Day 132 to 135 - Rest in Sarajevo

22 - 25 April 2022


22 April 2022


The rain has set in. We have the day off riding.


We stroll around Mostar. It is a cool little village. A little tourist orientated for my liking. We grab a Bosnian coffee and pay too much. Lunch in Old Town and talk about the weather. Rain is forecast for the next few days.




We decide to head to Sarajevo on the train and see out the wet weather. Our host tells us he will store the bikes and gear. There are two trains to Sarajevo. One leaves at 6.30 am, the next at 5.00 pm. We decide on the early train.


We are woken up just before midnight. Earthquake. 5.7 on the Richter scale. One person dies and there was some damage.

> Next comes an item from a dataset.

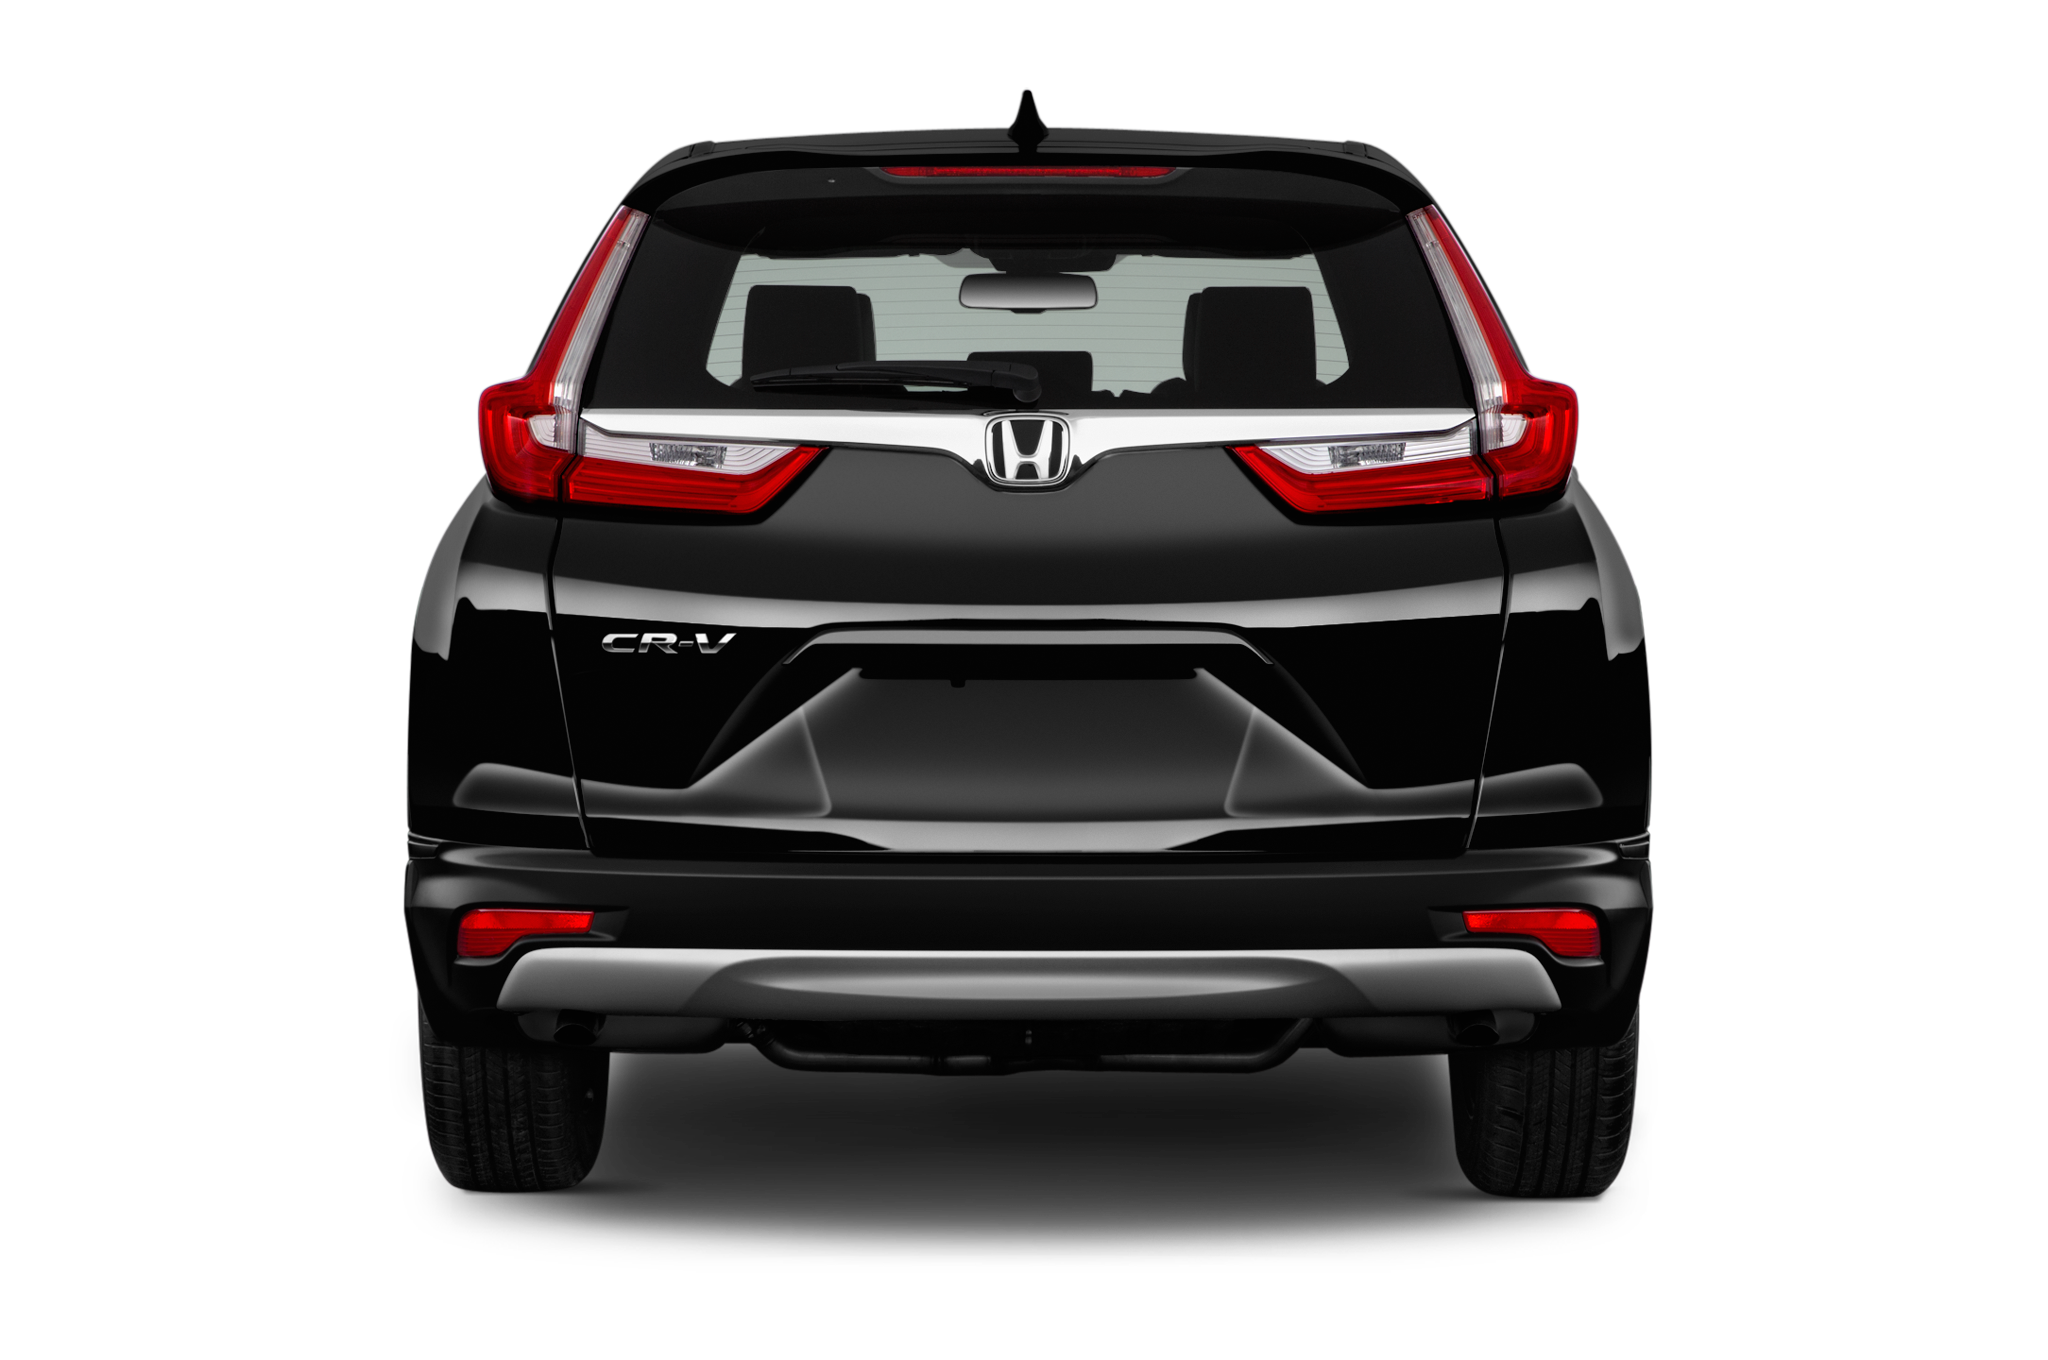 Honda cr-v incentives

“It takes an earthquake to remind us that we walk on the crust of an unfinished planet.” ― Charles Kuralt


23 April 2022


Up early to the train station. The rain holds off while we walk. I am looking for earthquake damage. There is none I can see.



The train from Mostar to Sarajevo is a beautiful ride. About two hours in duration, it follows the Miljacka river and winds through the mountains. Even in late April, there is still snow on the higher peaks.


Our place agrees to store our bags and we head out for coffee and a look around. I like Sarajevo more than Mostar. We watched a documentary on Al Jazeera about the Bosnian war featuring the Holiday Inn Hotel.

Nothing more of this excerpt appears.